Алехандра отрицательно покачала головой.
– Что касается астрологии, нет лучшего чтения, чем «Дамас и Дамитас». Это потрясающе…
Они смотрели, как суда входят в гавань и выходят из нее. Теплоход с белоснежным удлиненным корпусом, похожий на важную морскую птицу, скользил по Риачуэло [87], его вели к устью два буксира. Медленно раздвинулся подъемный мост, и судно прошло, издав несколько гудков. И странным показался контраст между плавностью и изяществом его очертаний, бесшумным его скольжением и рычащей мощью буксира.
– «Донья Анита Сегунда», – прочла Алехандра на заднем буксире.
Их обоих восхищали эти названия, они устраивали конкурсы и назначали премии тому, кто найдет самое красивое: «Гарибальди Терсеро», «Ла Нуэва Тересина», «Донья Анита Сегунда» – это было забавно, но Мартин уже не думал о конкурсах, он думал о том, насколько все это принадлежит временам невозвратным.
Буксир рычал, извергая извилистый столб черного дыма.

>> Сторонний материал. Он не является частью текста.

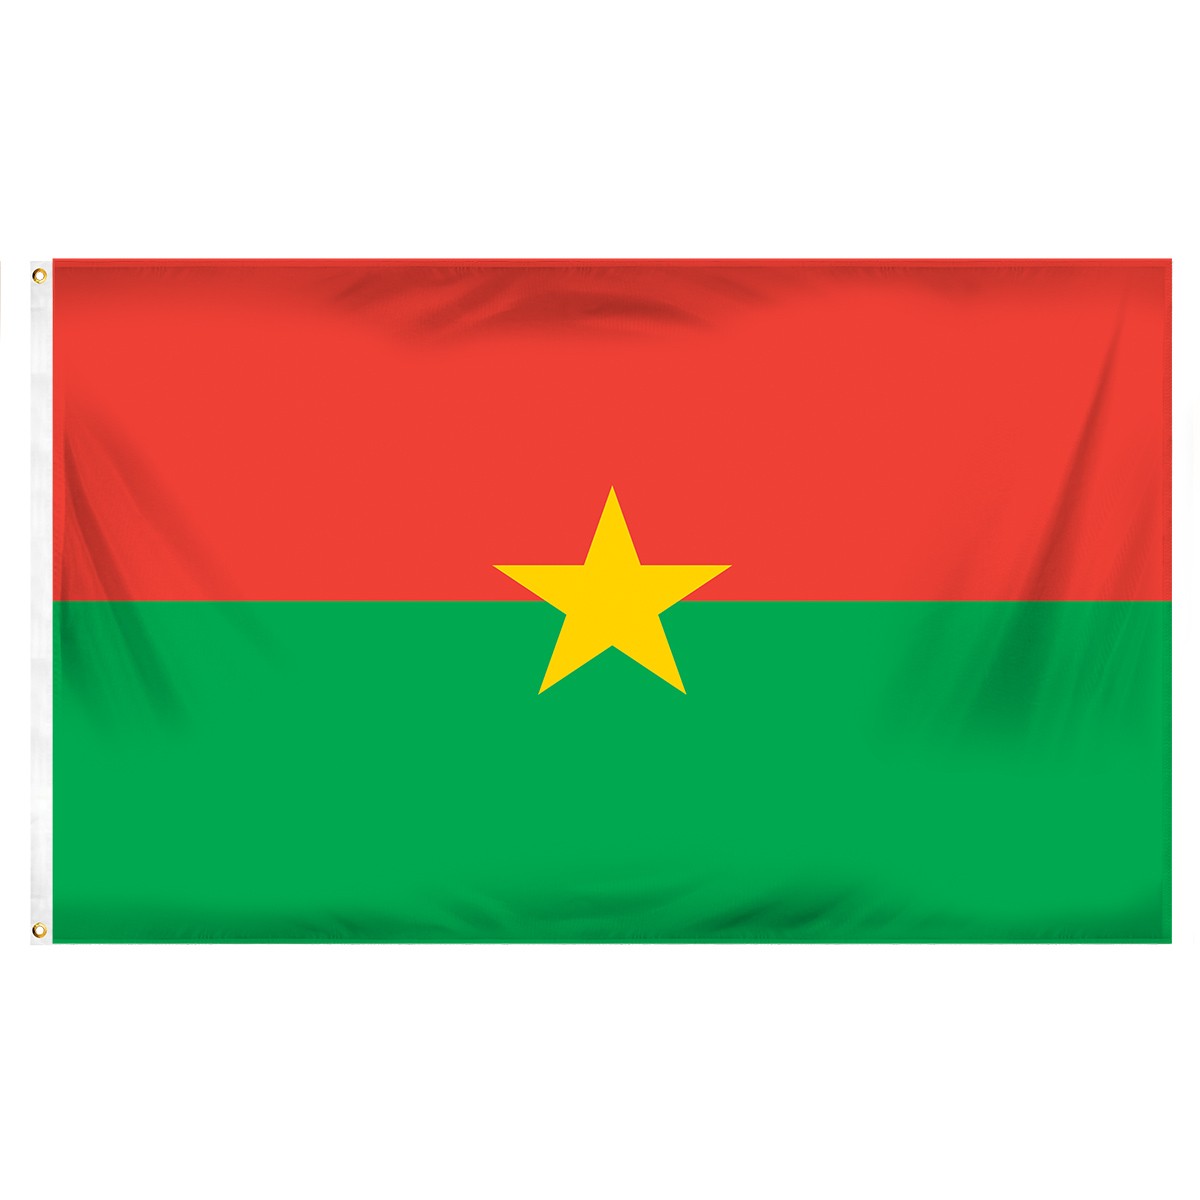 Burkina Faso Submit Flags and Flags

Канаты были напряжены, как тетива лука.
– Мне всегда кажется, что у какого-нибудь из буксиров выскочит грыжа, – сказала Алехандра.
Мартин же безутешно думал, что все это, да, все-все, исчезнет из его жизни. Как вот это судно: бесшумно, но неумолимо. Уйдет к далеким, неведомым гаваням.
– О чем ты думаешь, Мартин?
– О разном.
– Скажи.
– О разном, трудно определить.
– Ну, не будь злюкой, скажи.
– Вспоминаю, как мы устраивали конкурсы. Как строили планы, мечтали уехать из этого города куда-нибудь.
– Да, да, – подтвердила она.
Мартин вдруг сообщил ей, что ему удалось достать ампулы с ядом, который причиняет смерть от паралича сердца.
– Рассказывай, – отмахнулась Алехандра без особого интереса.
Он показал ампулы, потом мрачно добавил:
– Помнишь, как мы однажды говорили о том, чтобы вместе покончить самоубийством?
– Помню.
Мартин поглядел на нее и спрятал ампулы. Стало темно, Алехандра сказала, что пора возвращаться.
– Ты в центр? – спросил Мартин, с болью думая, что все кончено.
– Нет, домой.
– Хочешь, провожу?
Его тон был деланно безразличным, но вопрос полон значения.
– Проводи, если хочешь, – ответила она после минутного колебания.
Когда подошли к дому, Мартин почувствовал, что не может проститься здесь, и попросил разрешения зайти.
Она опять согласилась, чуть помешкав.
Оказавшись в бельведере, Мартин рухнул на кровать, словно все злосчастья мира свалились на его плечи.
Он лежал и плакал.
Алехандра села рядом.
– Так будет лучше, Мартин, лучше для тебя. Я знаю, что говорю. Мы не должны больше встречаться.
Всхлипывая, Мартин сказал, что тогда он убьет себя ядом, который в ампулах.
Она задумалась, как бы смущенная его угрозой.
Мало-помалу Мартин успокоился, и произошло то, чего не должно было произойти, а когда произошло, он услышал, как она говорит:
– Я согласилась встретиться при условии, что этого не будет. Ты нарушил обещание, Мартин, можно сказать, что ты…
Она не закончила.
– Что я? – испуганно спросил Мартин.
– Неважно, теперь все в прошлом.
Она поднялась и стала одеваться.
Они вышли, и тут Алехандра сказала, что хочет чего-нибудь выпить. Говорила она тоном мрачным, жестким. Шагала, ничего не замечая вокруг, сосредоточась на какой-то навязчивой, тайной мысли.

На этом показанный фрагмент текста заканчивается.